Elevated asymmetric dimethylarginine levels predict short- and long-term mortality risk in critically ill patients

Alexander Koch, Ralf Weiskirchen, Julian Kunze, Hanna Dückers, Jan Bruensing, Lukas Buendgens, Michael Matthes, Tom Luedde, Christian Trautwein, Frank Tacke
Journal of Critical Care 2013, 28 (6): 947-53

OBJECTIVE: Serum concentrations of asymmetric dimethylarginine (ADMA), an endogenous inhibitor of nitric oxide synthase, may contribute to endothelial dysfunction and organ failure in sepsis. We aimed at investigating ADMA levels as a potential diagnostic or prognostic biomarker in critically ill patients.

METHODS: Two hundred fifty-five patients (164 with sepsis, 91 without sepsis) were studied prospectively upon admission to the medical intensive care unit (ICU) and on day 7, in comparison to 78 healthy controls. ADMA serum concentrations were correlated with clinical data and extensive laboratory parameters. Patients' survival was followed up for up to 3 years.
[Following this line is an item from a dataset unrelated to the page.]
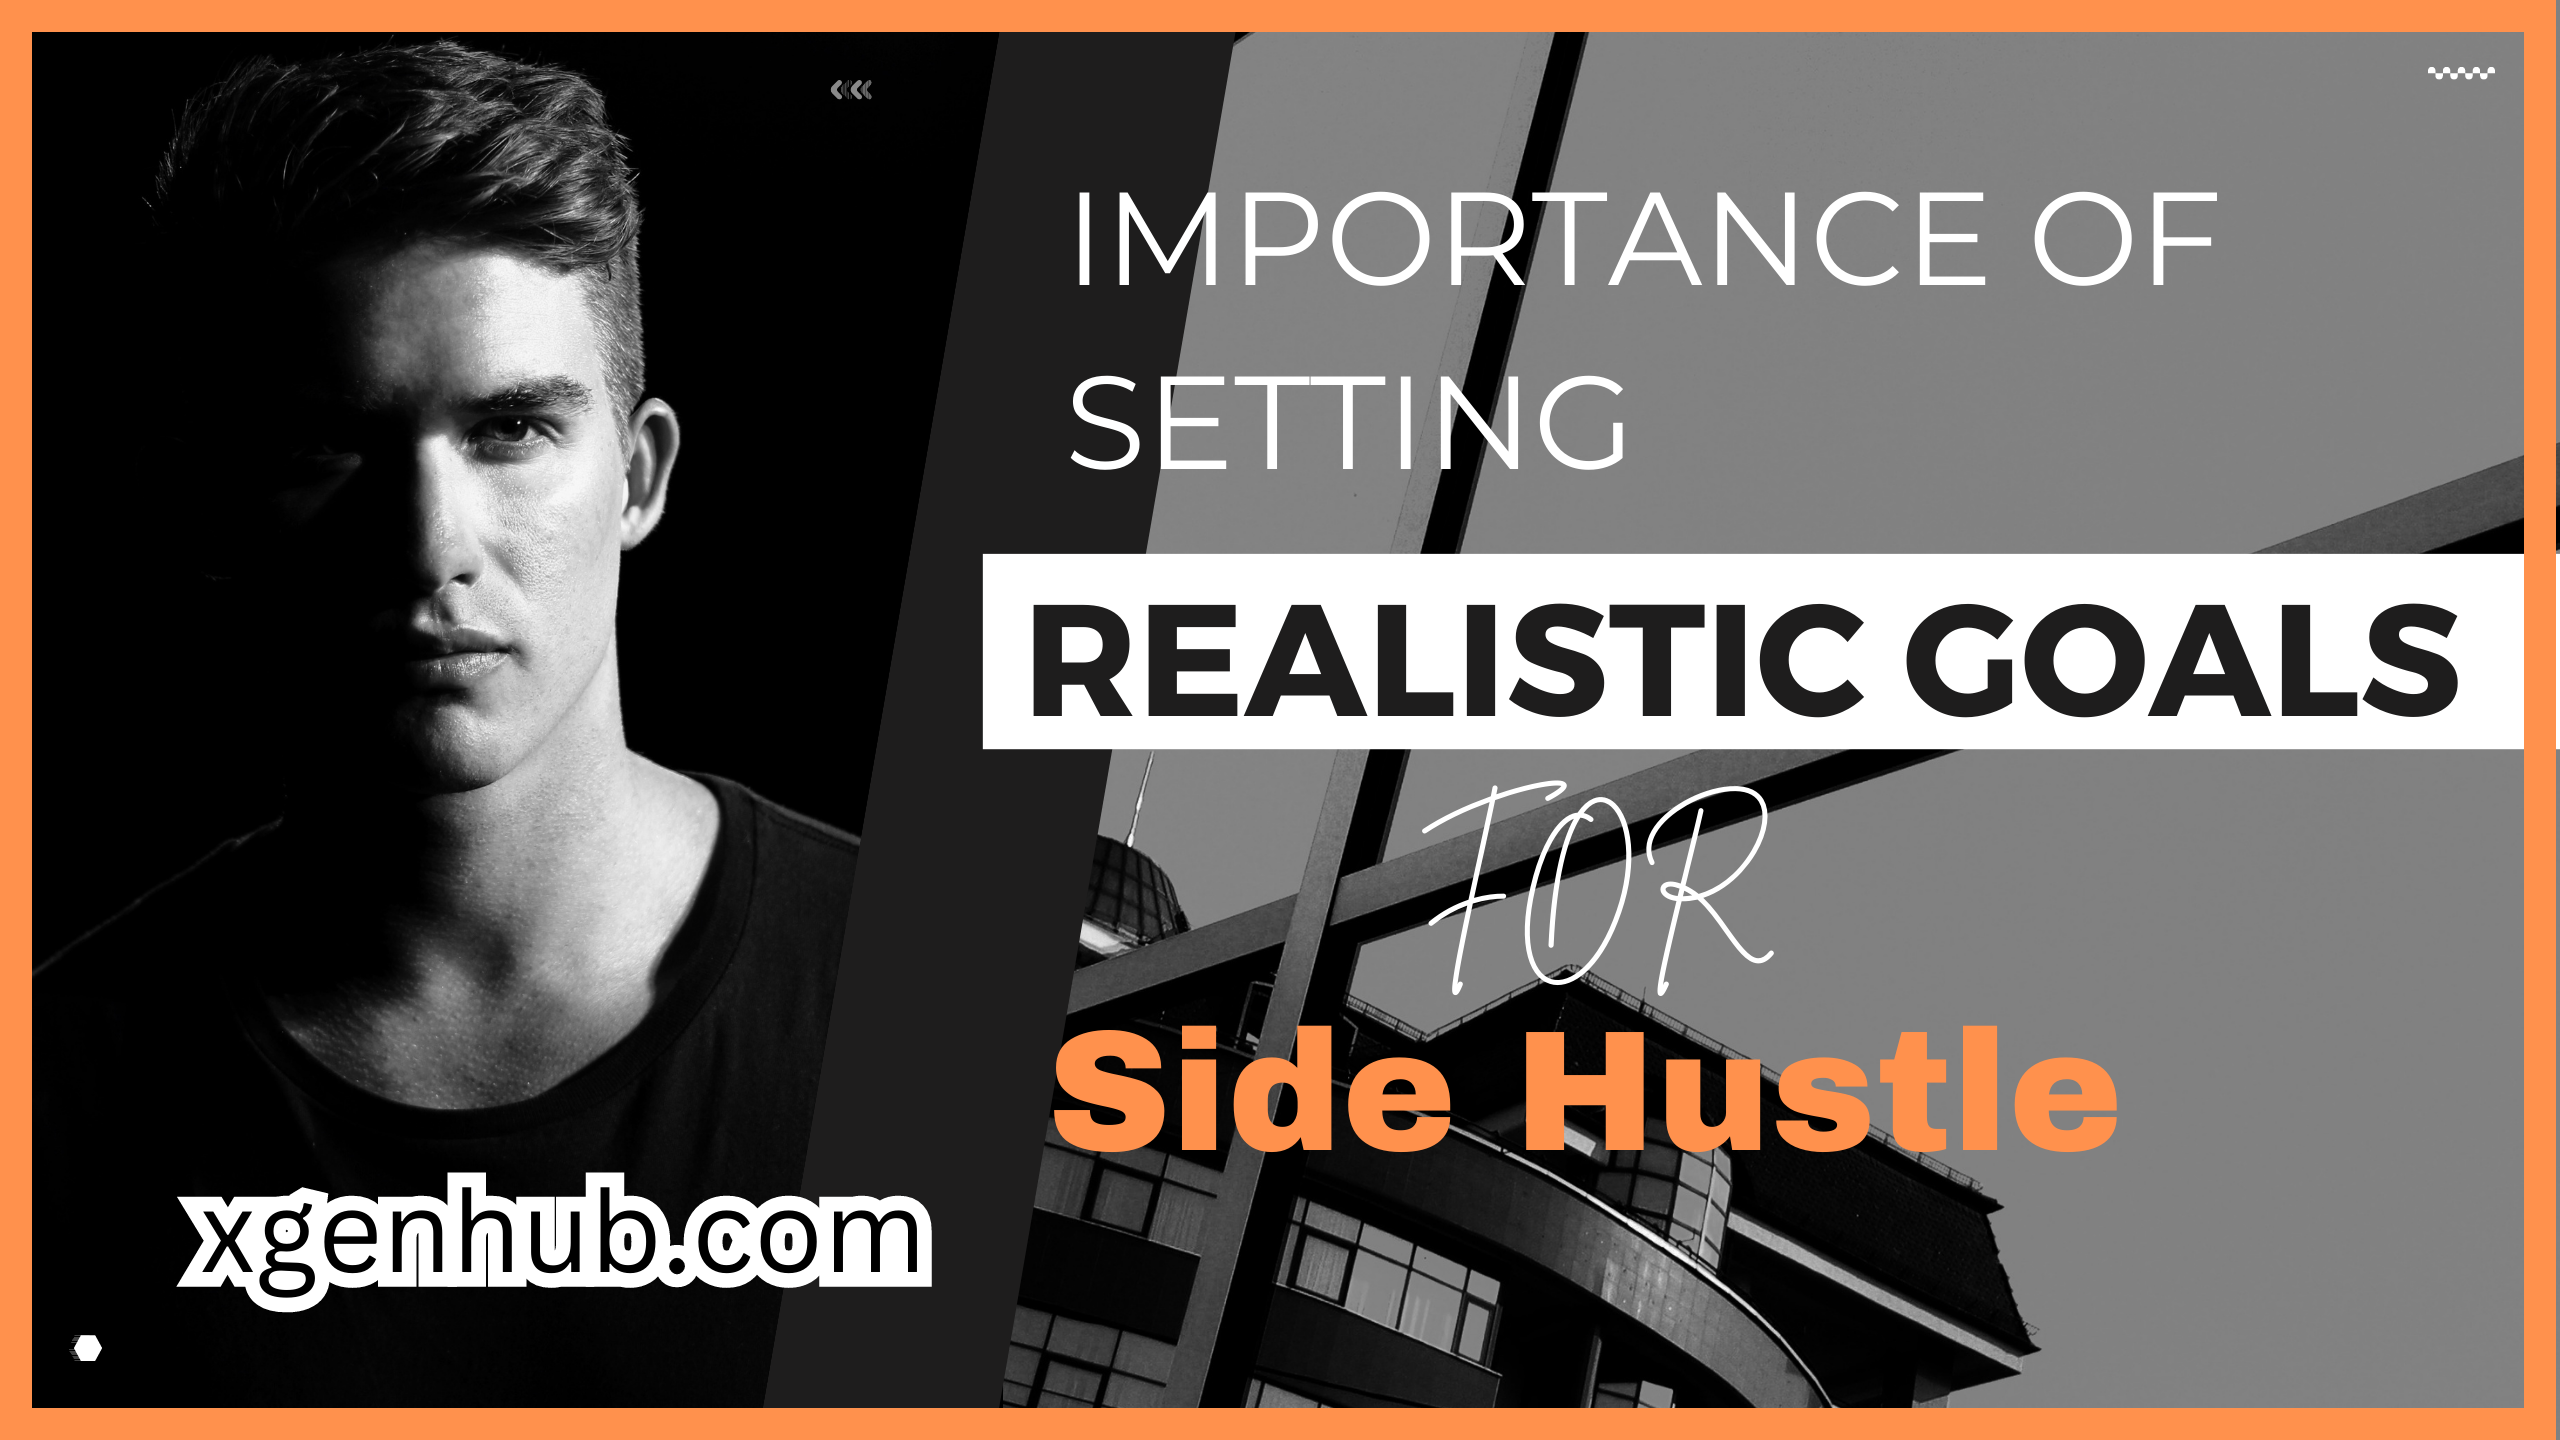 The Importance of Setting Realistic Goals for Your Side Hustle

RESULTS: ADMA serum levels were significantly elevated in critically ill patients at admission compared to controls. ADMA levels did not differ between patients with or without sepsis, but were closely related to hepatic and renal dysfunction, metabolism and clinical scores of disease severity. ADMA levels further increased during the first week of ICU treatment. ADMA serum levels at admission were an independent prognostic biomarker in critically ill patients not only for short-term mortality at the ICU, but also for unfavorable long-term survival.

CONCLUSION: Serum ADMA concentrations are significantly elevated in critically ill patients, associated with organ failure and related to short- and long-term mortality risk.